Multimodal Feature Catalog¶

Complete reference for all 10 feature modalities in the agentic-spliceai meta-layer feature engineering pipeline. Each modality is a registered Modality subclass in src/agentic_spliceai/splice_engine/features/modalities/.

Summary¶

Modality	Columns	Source Type	Data Source	Description
`base_scores`	43	Model output	Base model predictions (SpliceAI/OpenSpliceAI)	Derived features from raw splice site probabilities
`annotation`	3	Genomic annotation	GTF/GFF gene annotations	Ground truth splice site labels and transcript info
`sequence`	3	Genomic reference	Reference FASTA (hg38/hg19)	Contextual DNA sequence windows around each position
`genomic`	4	Genomic annotation	Gene boundary coordinates + sequence	Positional and compositional features within genes
`conservation`	9	External data	UCSC PhyloP/PhastCons bigWig tracks	Evolutionary constraint from multi-species alignment
`epigenetic`	12	External data	ENCODE ChIP-seq bigWig tracks	Histone modification signals across cell types
`junction`	12	External data	STAR SJ.out.tab / GTEx / recount3	RNA-seq splice junction read evidence
`rbp_eclip`	8	External data	ENCODE eCLIP narrowPeak (K562, HepG2)	RNA-binding protein occupancy at splice sites
`chrom_access`	12	External data	ENCODE ATAC-seq (5 cell lines) + DNase-seq (5 primary tissues)	Chromatin accessibility (open vs closed chromatin)
`fm_embeddings`	8	Foundation model	Pre-extracted embeddings (Evo2, SpliceBERT, etc.)	Label-agnostic scalar features from foundation model representations

Total: 114 feature columns (full-stack with fm_embeddings enabled). Default full-stack: 106 columns (fm_embeddings commented out by default — requires GPU-extracted embeddings).

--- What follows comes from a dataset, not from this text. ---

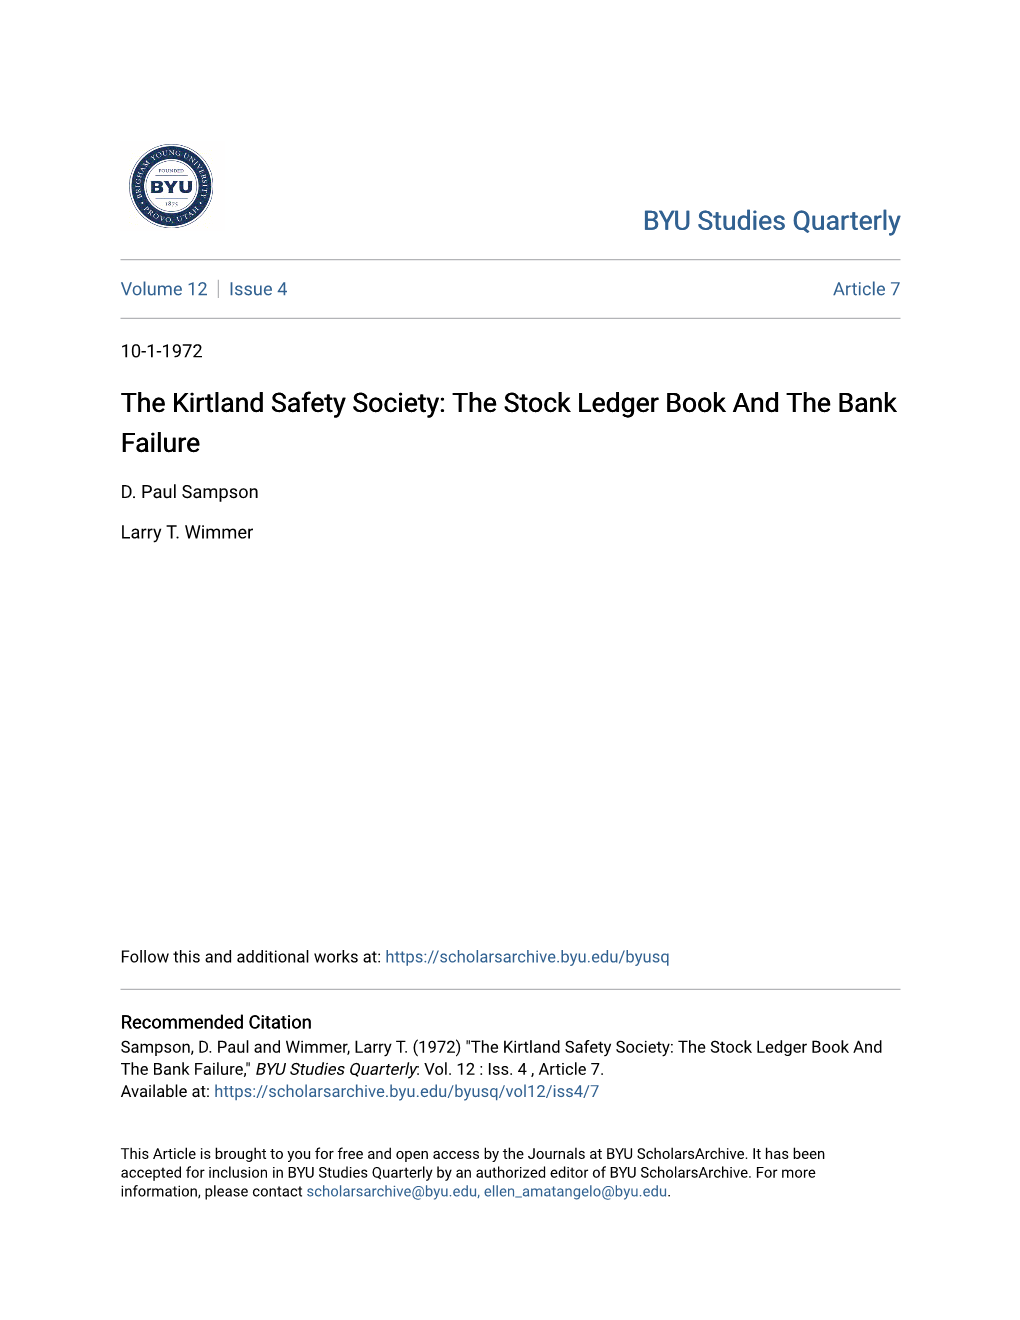 The Kirtland Safety Society: the Stock Ledger Book and the Bank Failure
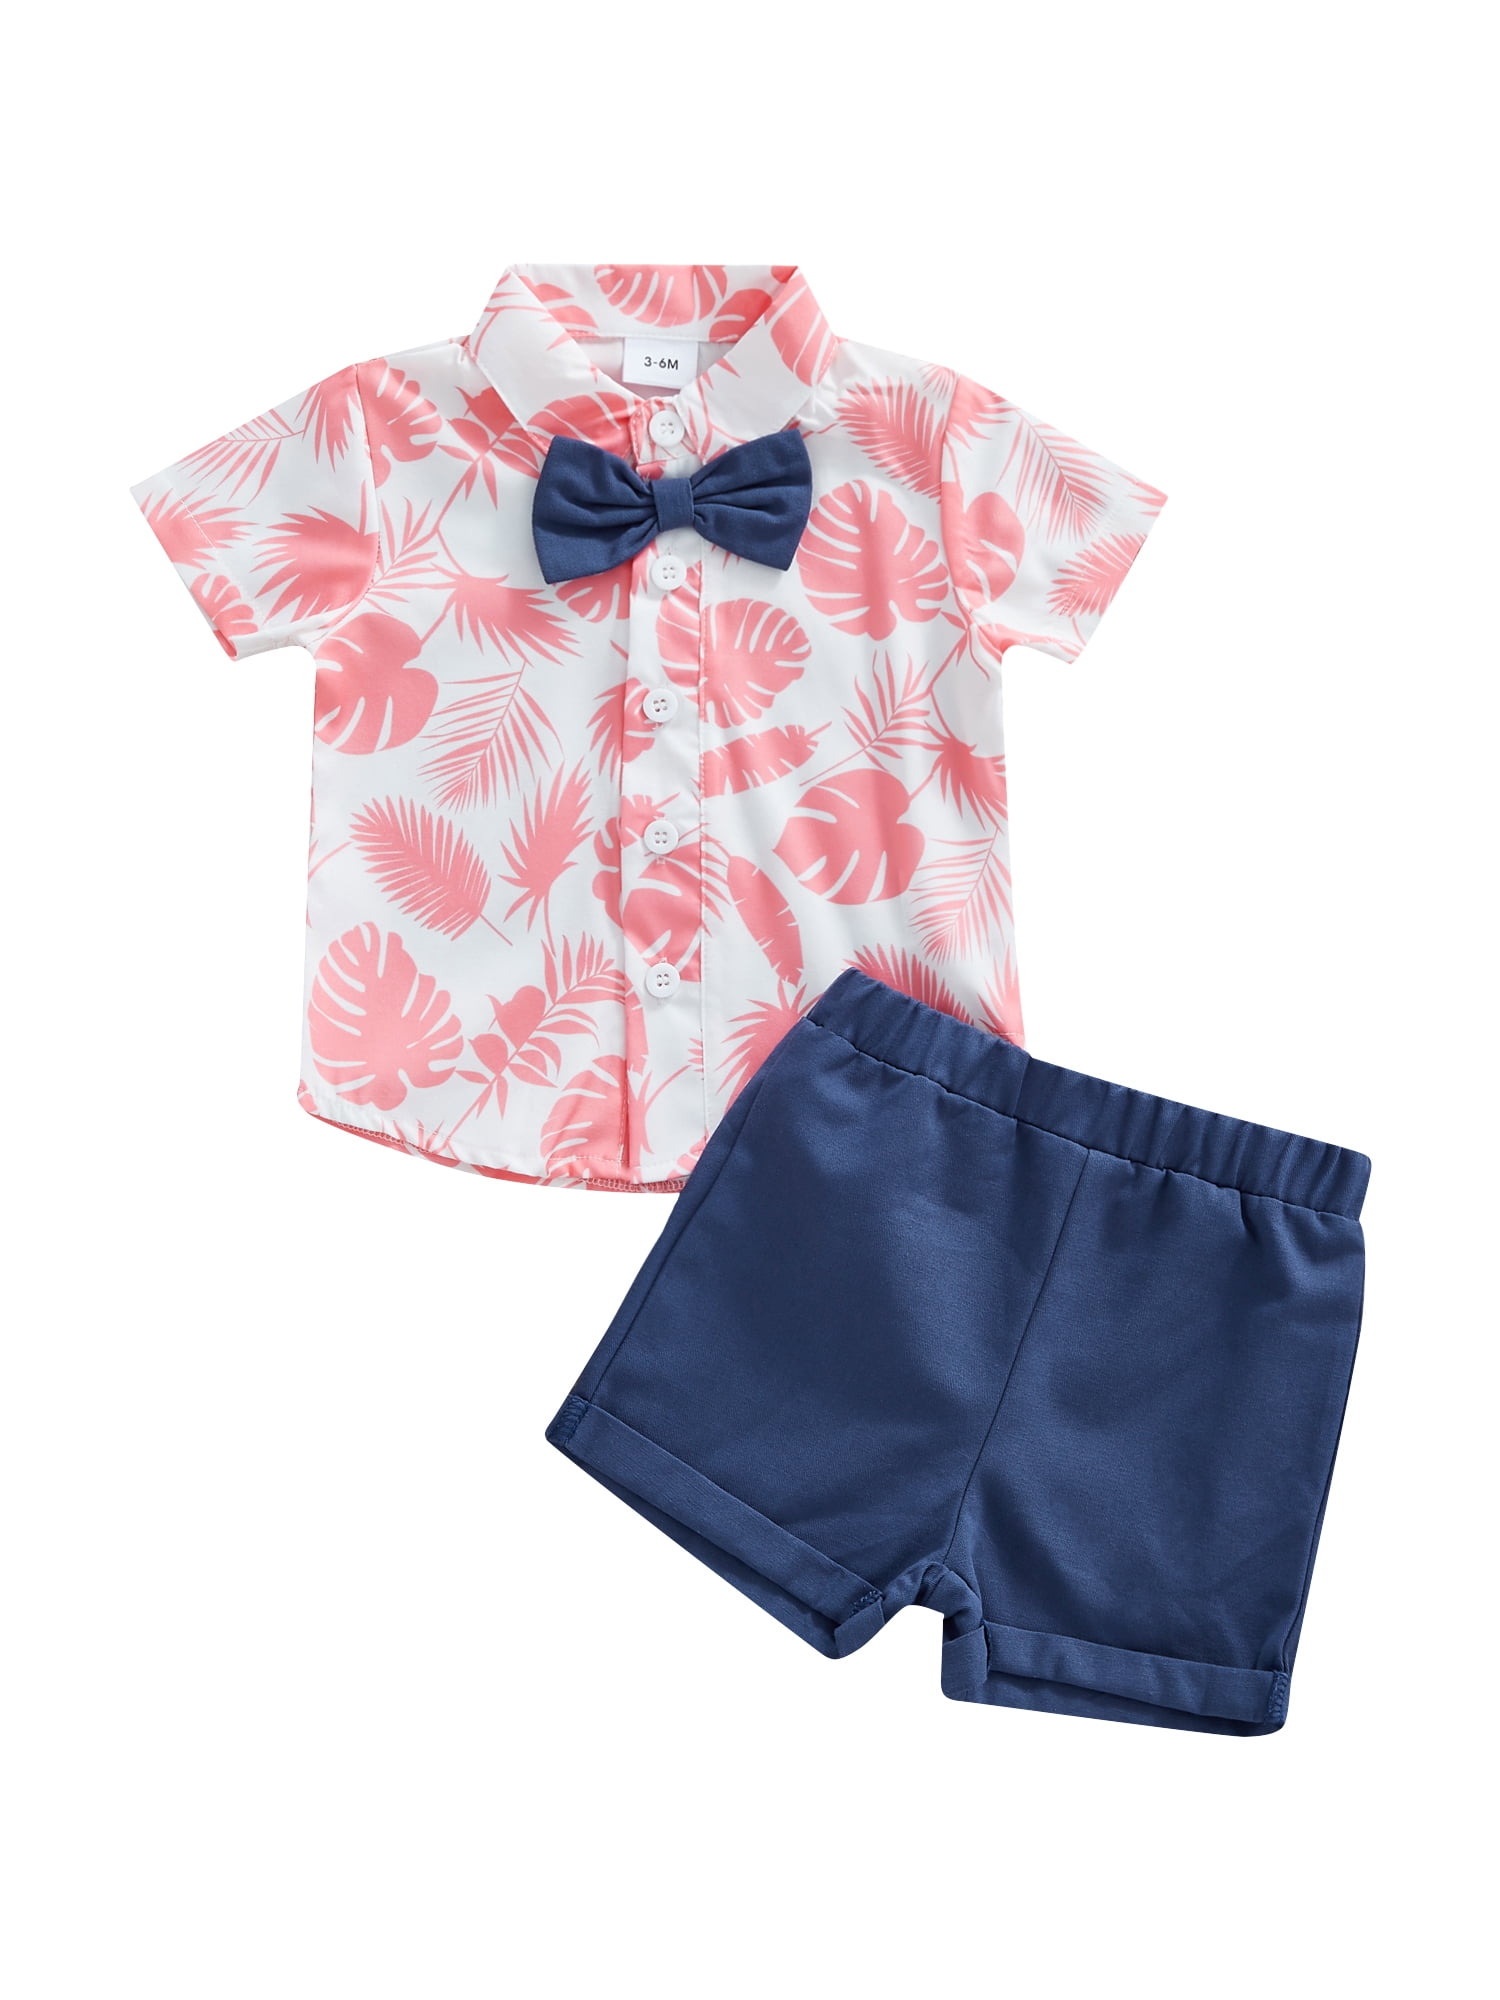 Toddler Baby Boy Short Sleeve Bow Tie Gentleman Leaf Printed Tops+Shorts Outfits

Modalities by Source Type¶

Group 1: Model Output¶

base_scores (43 columns)¶

Derives ~43 engineered features from the three raw per-nucleotide probabilities (donor_prob, acceptor_prob, neither_prob) output by the base model. All features are derived via vectorized Polars expressions. Context-aware features use .over('gene_id') to prevent cross-gene leakage.

Source file: modalities/base_scores.py

Score aliases (3 columns)

Column	Description
`donor_score`	Alias of `donor_prob` for FeatureSchema compatibility
`acceptor_score`	Alias of `acceptor_prob` for FeatureSchema compatibility
`neither_score`	Alias of `neither_prob` for FeatureSchema compatibility

Context scores (4 columns, default window=2)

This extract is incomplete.